First, the starting point is the enforcement of existing laws. Canada already possesses a substantial body of legislation covering consumer protection, privacy, human rights, product liability, and professional standards. Many potential harms arising from AI applications are already prohibited or regulated under these existing frameworks. Before creating new AI-specific rules, policymakers should ensure that existing laws are being effectively applied and enforced in the AI context.
Second, where genuine gaps exist in the current legal framework, targeted measures may be appropriate. However, policymakers must be careful not to conflate distinct issues or create overbroad responses to specific concerns. For example, online safety and AI regulation, while related, address different categories of risk and should not be treated as interchangeable. Recent discussions following the tragic incident in Tumbler Ridge, British Columbia illustrate this challenge. Public debate has included questions about whether AI developers or platforms should identify and report potentially harmful user behaviour. But as some commentators have noted, such proposals raise broader questions about intermediary responsibility, privacy and platform governance generally rather than AI regulation per se. Broad reporting obligations on AI providers could encourage expanded surveillance of user interactions and undermine privacy protections. These discussions illustrate the importance of ensuring regulatory responses remain tailored to the specific risks at issue and account for unintended consequences.
Third, Canada should leverage its existing sectoral regulators where available rather than creating entirely new oversight mechanisms. Agencies such as Health Canada, the Office of the Superintendent of Financial Institutions, and Transport Canada possess deep domain expertise and established relationships with regulated entities. These regulators should have the latitude to apply generally applicable rules to AI applications within their sectors or to develop new, sector-specific requirements where warranted. This approach allows regulation to reflect the distinct risk profiles and operational realities of different industries.
Finally, Canada should consider enacting a harm-based backstop law that provides a flexible framework for responding to unforeseen harms or newly apparent risks. Rather than prescribing rules for every possible AI application, such legislation would establish principles and mechanisms for rapid regulatory response when significant harms emerge. The framework could also identify certain categories of AI use that are prohibited, while enabling additional restrictions, safeguards or compliance obligations to be introduced through regulation as new risks become apparent as the technology evolves. This approach would allow Canada to maintain a lighter regulatory touch during periods of stability while retaining the capacity to act decisively when circumstances require.
A look ahead
With the anticipated release of Canada’s renewed national AI strategy expected in the near term, policymakers have an opportunity to clarify the country’s approach to AI governance.

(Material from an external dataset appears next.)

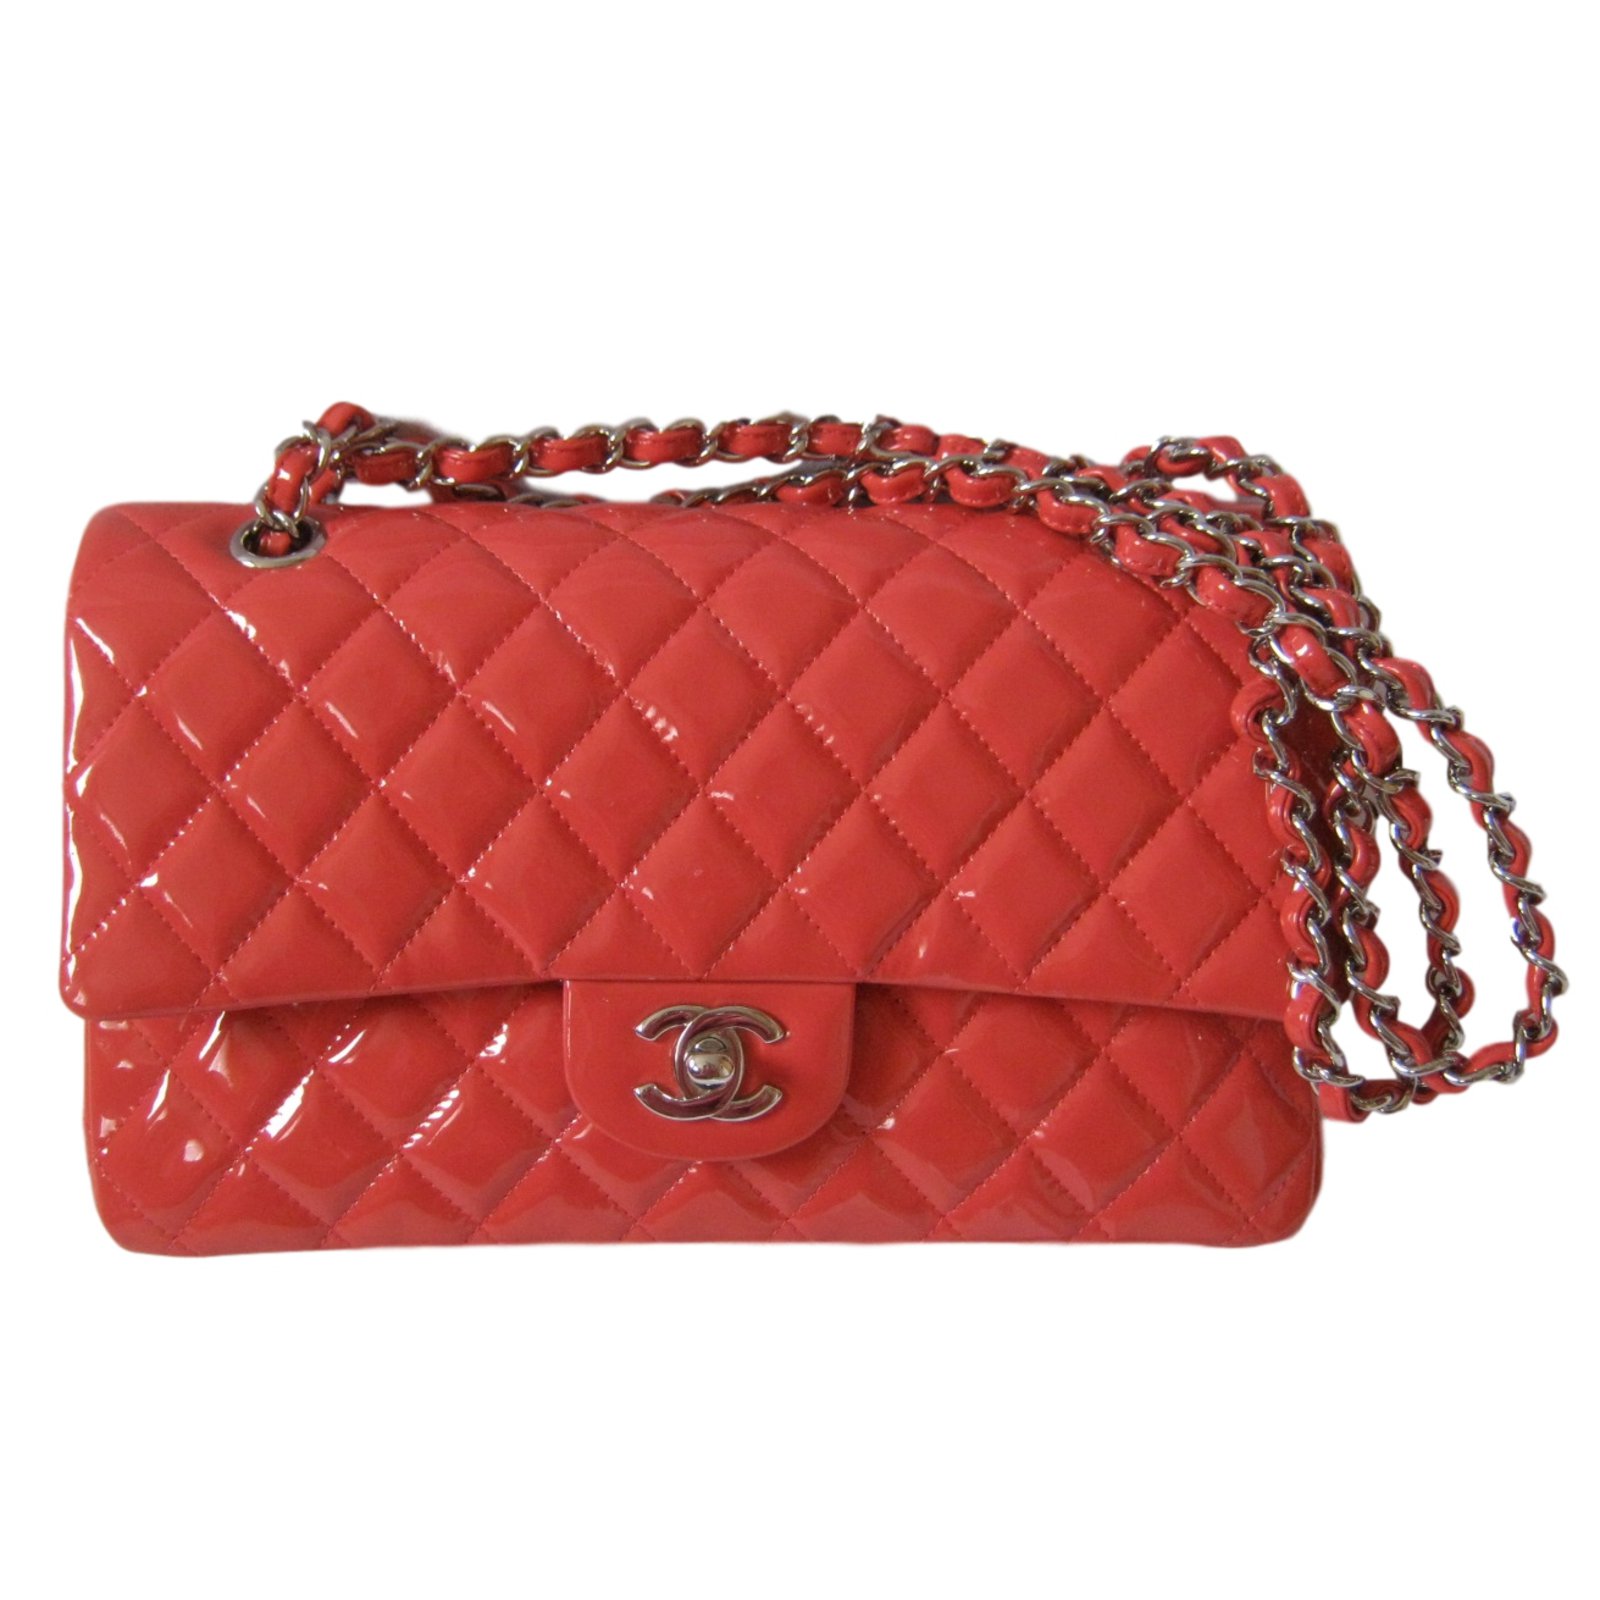 red leather chanel bag black

A balanced framework that prioritizes enforcement of existing laws, targeted interventions where genuine regulatory gaps exist, and sector-specific oversight may allow Canada to address emerging risks while continuing to foster a climate of innovation and investment in AI.
Striking this balance right will be critical for Canada to maintain its reputation as a global leader in artificial intelligence while ensuring that the deployment of these technologies remains aligned with public expectations around safety, fairness and accountability.